Fast-forward to June 2021. A string of polls from top-rated firms put the Liberals squarely in majority territory:
EKOS: LPC 35%, CPC 26%.
Abacus Data: LPC 37%, CPC 27%.
Ipsos: LPC 38%, CPC 26%.
Nanos Research: LPC 37%, CPC 25%.
Mainstreet Research: LPC 38%, CPC 27%.
A third term, but most importantly a second majority, was within reach for Trudeau’s Liberals.
Later that August, undoubtedly encouraged by these numbers, the Prime Minister requested dissolution of Parliament. From day one in mid-August to early September, the Liberals fell in the polls and, before the televised debates took place, it looked like Trudeau’s prime ministership was coming to end.
The Liberals nevertheless turned it around to avoid defeat. The September 2021 election ended up with eerily similar results to the 2019 election: Among the 338 electoral districts, only 22 changed colours. All parties finished a few seats away from their 2019 seat count.
Summer polls, once again, had fooled us (and them).
Oh, this does not suggest that these summer polls were wrong. Not in the slightest. But the country’s mood changed during the campaign once voters started paying attention. It bears repeating: Polls do not predict the future, they describe the very recent past.
So, what are we to make of the latest summer polls?
We won’t know until later this fall at the earliest, but the numbers released by pollsters in recent weeks indicate that this time it could be different. Only 26% of Canadians believe the country is going in the right direction according to Abacus Data’s latest poll, the lowest point in years, and government approval stands at a measly -23 rating (31% approve, 54 disapprove), also an all time low for this government.
With polls measuring the CPC ahead by margins of 6-10 points from coast to coast in July and August (see the complete list of federal polls here), the latest 338Canada federal projection (updated August 13, 2023) puts the Conservatives right at the cusp of a majority with an average of 169 seats.

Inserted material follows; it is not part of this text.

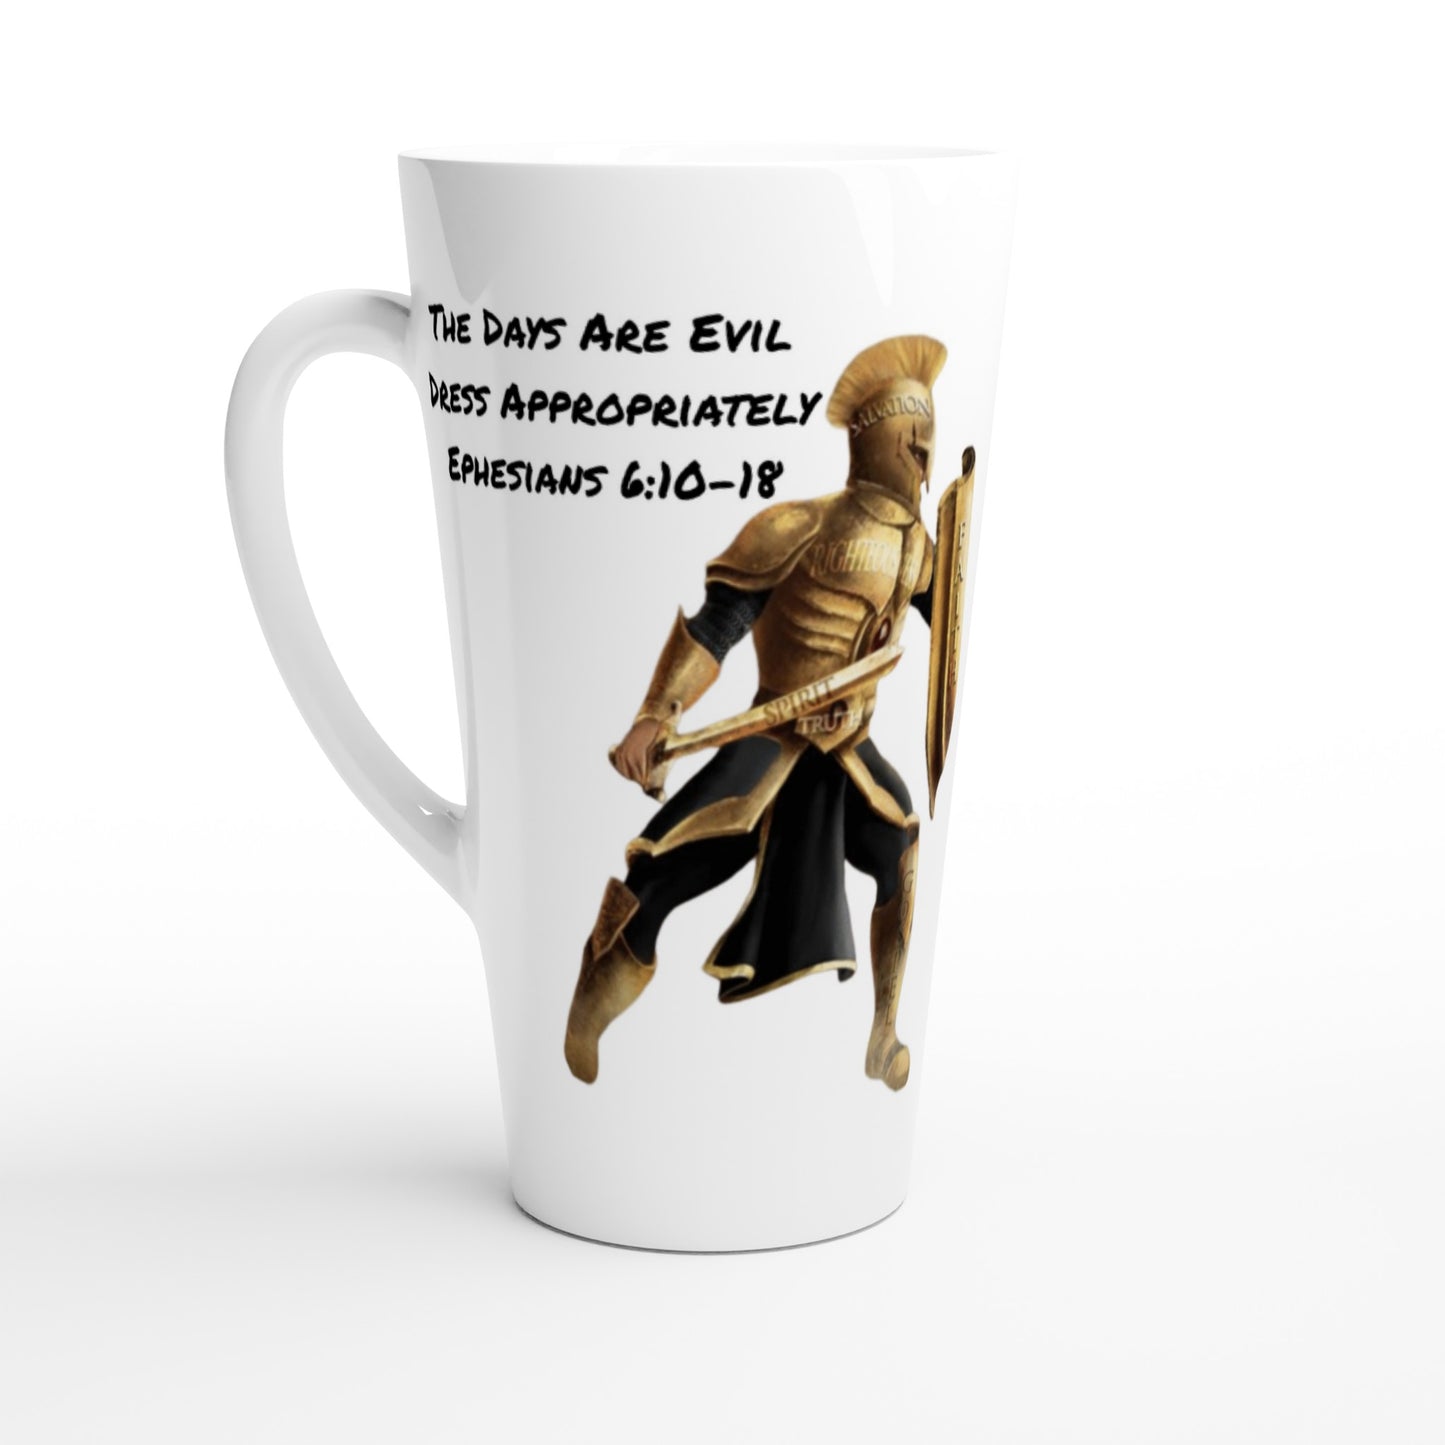 The Days Are Evil.  Dress Appropriately. Ephesians 6:10-18 Christian Armour Mug | Christian Faith Mug | Inspirational Coffee Cup

The Liberals are now only projected at 111 seats - their lowest average since I began tracking seat projections in 2017.
Two regions have shown significant movement in the latest months: Atlantic Canada and Ontario.
In the last three federal elections, the Liberals won 32, 26 and 24 seats (out of 32) from the Atlantic provinces, giving the LPC a convenient cushion of seats akin to the CPC’s in Alberta. However, unlike Alberta — which remains squarely in the CPC fold — recent polls from Abacus Data, Léger and Ipsos all indicated that the Conservatives had closed the gap in Atlantic Canada.
However, a word of caution: As you can see on the chart above, Atlantic Canada numbers are quite noisy, since this regional sub-sample is generally limited to barely a hundred respondents or fewer in most polls —leading to a massive amount of uncertainty (all four Atlantic province account to about 6% of Canada’s population). Hence, we will need more time and data to confirm whether this is a real trend.
The numbers in Ontario have also shown improvement for the Conservatives over the summer. Unlike Atlantic Canada, Ontario polling samples generally range from 300 to 600 respondents, leading to much less uncertainty in the data. Nanos Research (data paywalled), Abacus Data and Léger all gave the CPC leads ranging from 4 to 10 points over the summer. Ipsos had both parties tied at 38% in the province.
In both Ontario and Atlantic Canada, the Conservatives would record significant seats gains in a general election should those numbers hold.
…but there is no election in sight now, is there?
As stated above, these projections are not a prediction for the next general election, whenever it may be held (although October 2025 appears increasingly likely). Nevertheless, they show that this is the deepest hole the Trudeau Liberals have found themselves in since taking power in 2015, and one wonders whether they can turn it around once more.
Summer polls do not predict the future — not even the near future, as we saw in 2019 and 2021 — but all indicators point to an electorate in an increasingly foul mood towards its government. At some point, magic runs out for any governing party.
The next two years will feel like the longest of Pierre Poilievre’s life. To be continued.